There are some drawbacks to using a living trust. They can take more time to set up than a simple will (and a person should have a will, regardless of whether they create a trust). In addition, there is ongoing maintenance, and it is more of a hassle to make changes to a trust than a will. The ongoing maintenance involves transferring title to all assets to the trust that are intended to be held in that trust. This means including currently-owned assets in the creator's name and any assets that he or she obtains in the future. If an asset is not specifically designated to the trust for ownership, it most likely would be subject to probate. One other thing to remember is that the cost of an attorney can be several hundred dollars an hour.
Do I need one?
The favorite answer of most attorneys to any legal question such as this is, "It depends." A living trust certainly isn't "needed" or required by anyone. The question more accurately is, "Does a living trust make sense in my situation, and can I benefit from constructing one?"
To determine whether it makes sense for you, first answer the following questions:
- What is your age?
- How much wealth do you have?
- Are you married?
- Do you have children?
- Are there other factors that make a living trust potentially beneficial in your situation?
Age. As a general rule, a living trust is not very helpful for healthy individuals who are less than 60 years of age, married, with school-age children, and have no significant assets. Such people should, however, have a will (along with a healthcare directive and a limited power of attorney for incapacity). This document will work to transfer property according to your wishes in the event of a sudden death. Another point is the fact that estate tax law changes and new manners of avoiding probate have become regular occurrences in the post-baby-boomer generations.
Wealth. Once a person's age is considered, we must next look at wealth. The wealthier a person is, the more useful a living trust and other types of estate planning can be to avoid probate and to maintain the property for beneficiaries and inheritors. What is "wealthy?" The definition of a wealthy individual for this discussion is one who has roughly over $1 million in property and investments. The types of assets you have can be a factor in this decision as well. For example, $4 million in the bank may be easier to move through probate than your dry cleaning business would be. No one is expecting the cash, but the dry cleaners have day-to-day activities that the trustee would have to monitor and report to the probate judge during the months leading up to when the estate is probated. In this instance, a living trust makes some sense.
Marital status and children. An individual who is married and plans to leave most of the property to his or her spouse has little concern for making plans to avoid probate. The majority of couples own assets together; in such cases, probate would not be needed to dispose of those assets. Several states are community property states, which also allow the surviving spouse to maintain property or asset ownership. Other states allow the surviving spouse to take advantage of special probate procedures that are more expeditious and economical than a standard probate proceeding.
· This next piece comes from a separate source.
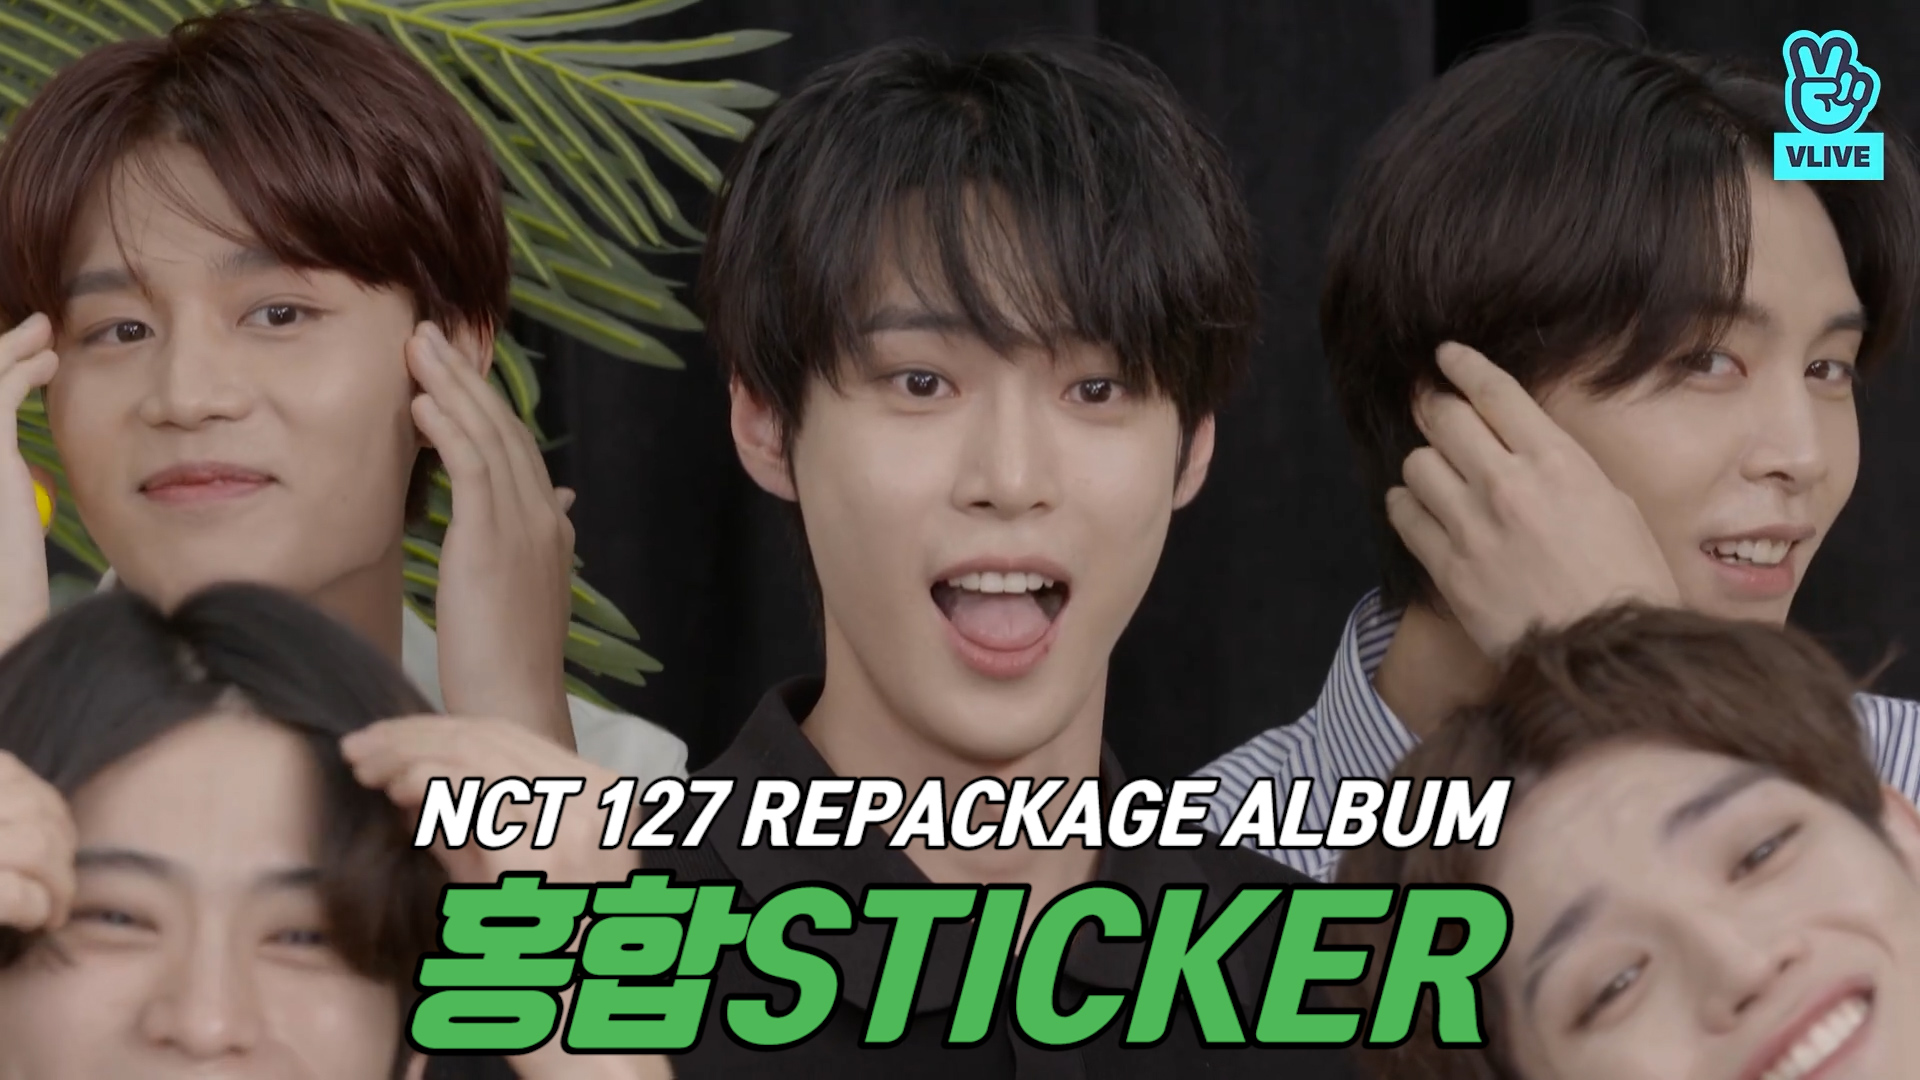 [NCT] 홍합.. 아니 일이칠 꽉 붙잡고 같이 가보자고 (NCT 127’s spoiler about their new album)
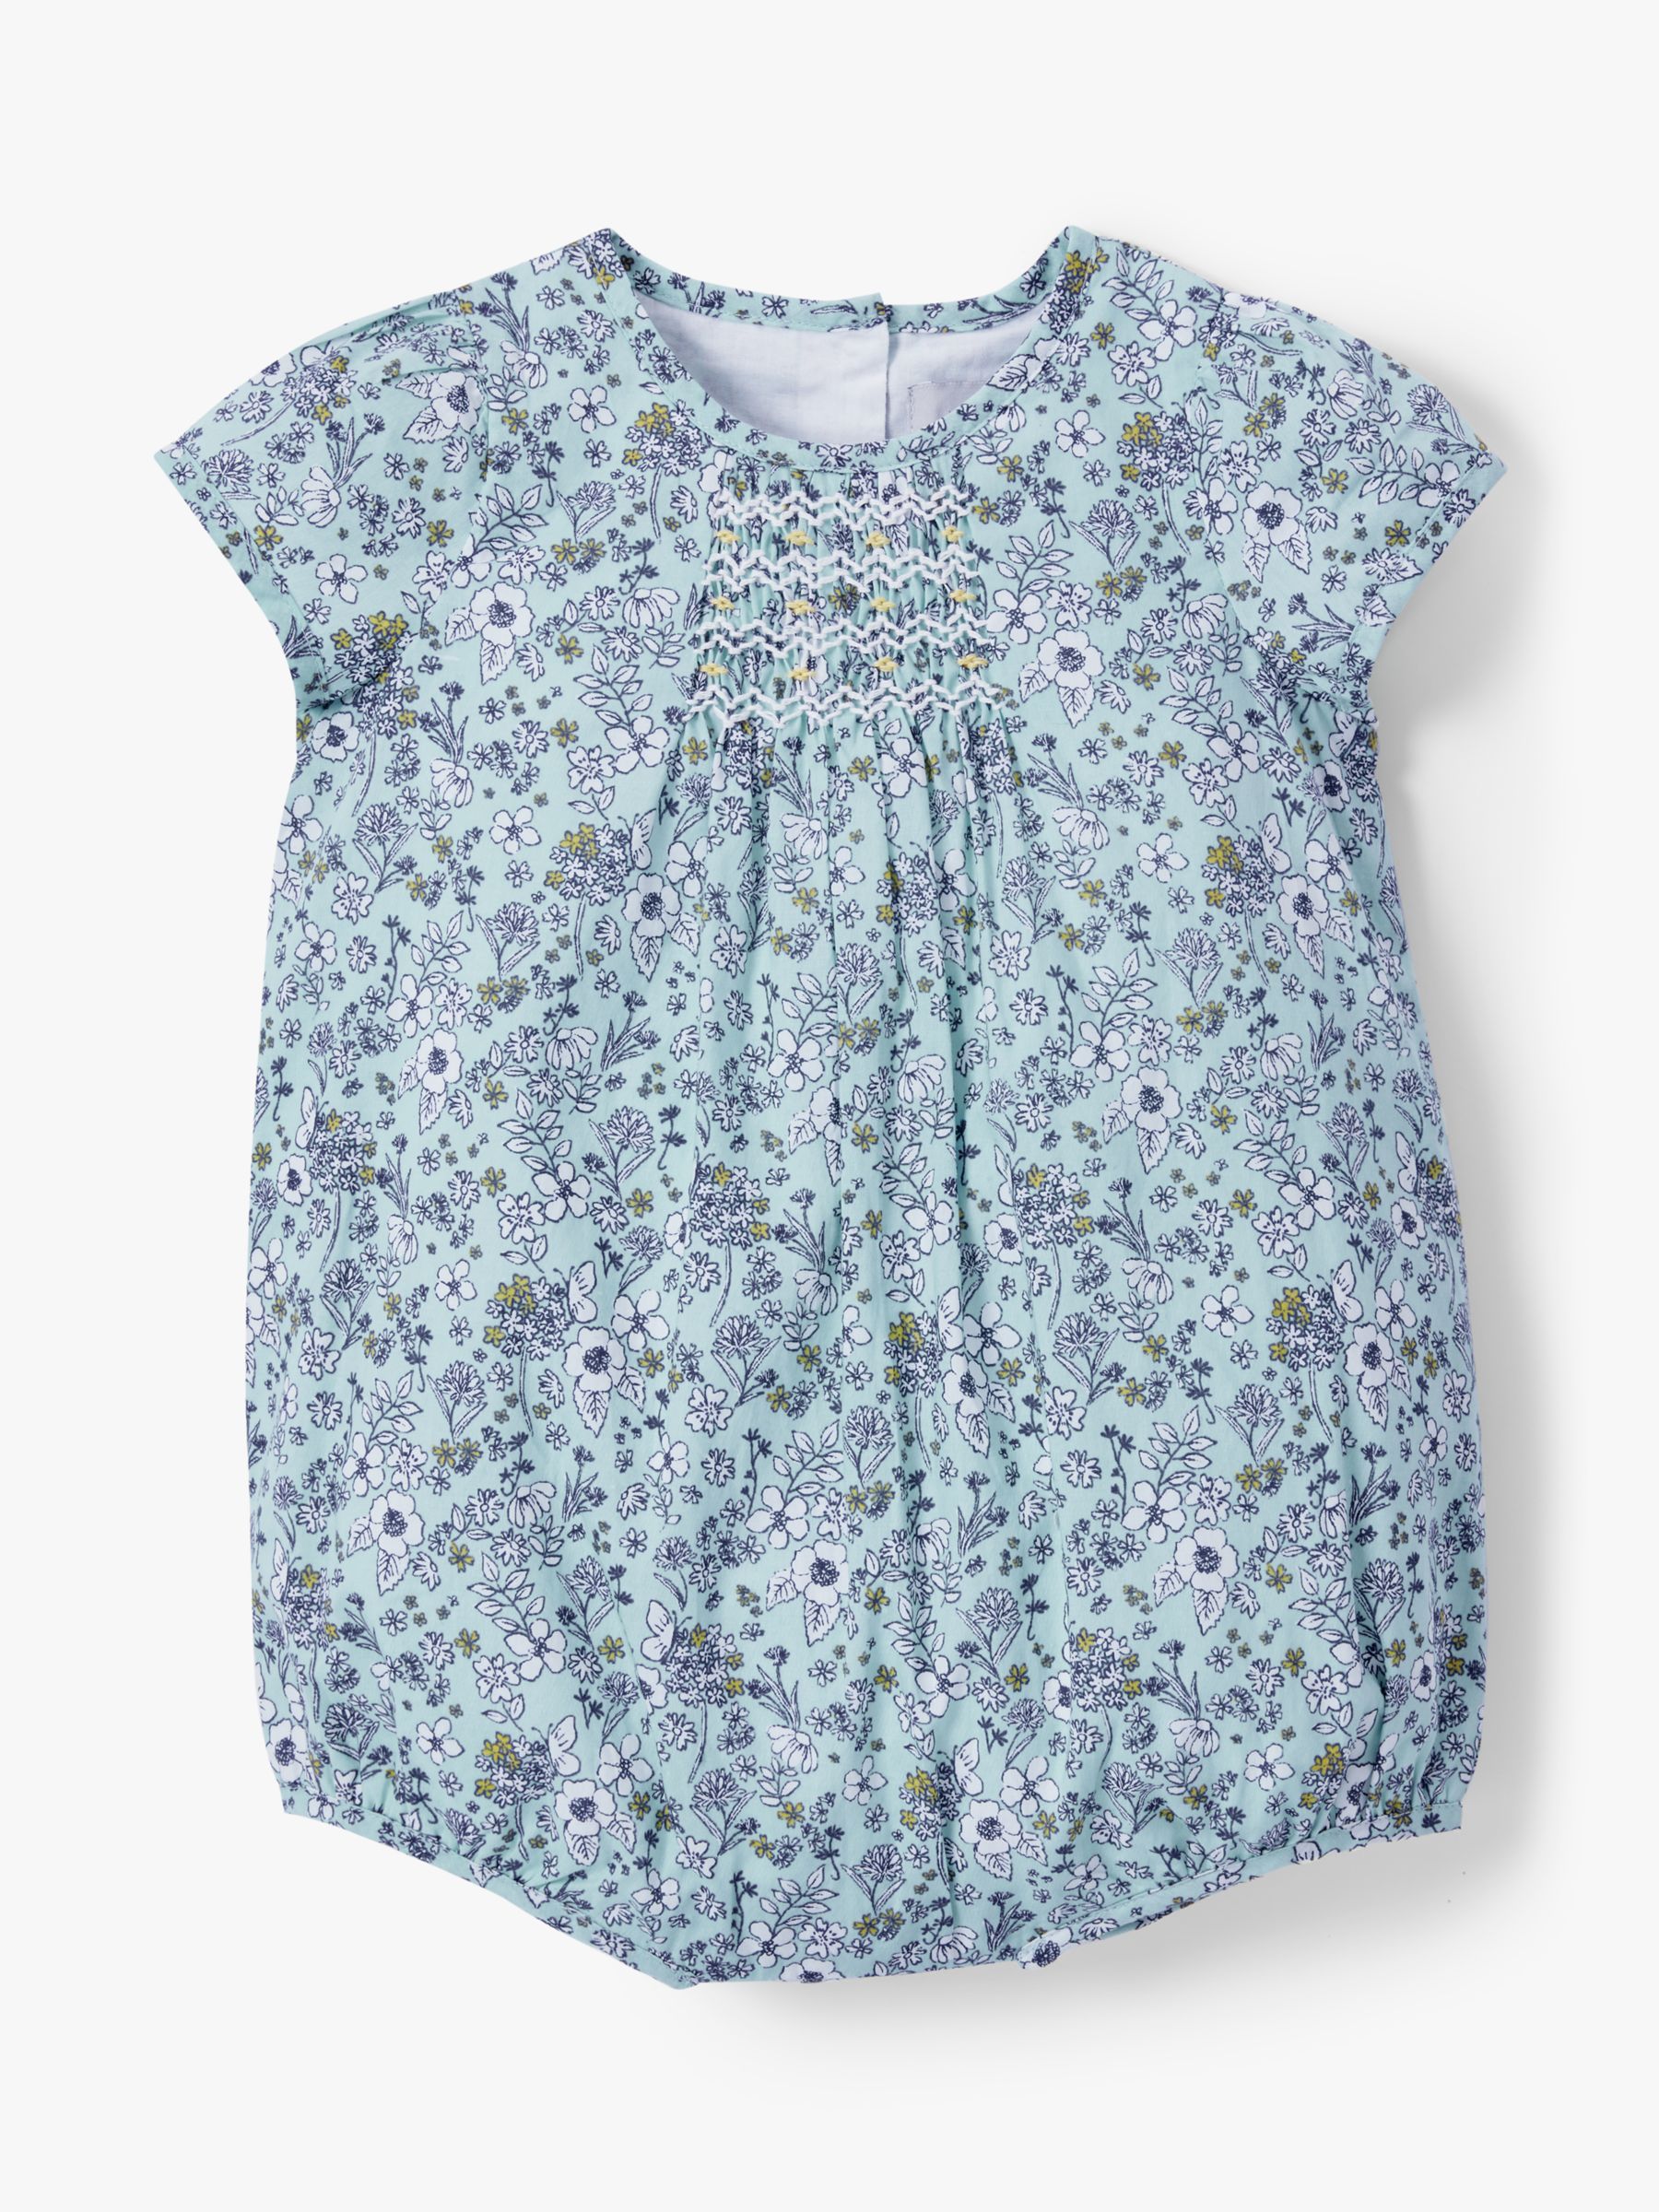 John Lewis & Partners Heirloom Collection Baby Ditsy Floral Romper, Blue

Therefore, younger married couples who: (i) do not have much in the way of assets, (ii) do not have children, and (iii) who will leave their assets to each other when the first one of them dies, are not in need of a living trust. It would be of no benefit to them.
Other factors. If an individual has property in two or more states, a living trust might make sense. In this way, he or she could avoid probate in one or both states. Factors like unconventional state probate laws and other ownership situations can also create unique issues.
These are the basic scenarios and reasons for creating a living trust. Of course, everyone's situation is different. You should seek more information from an attorney or estate planning specialist.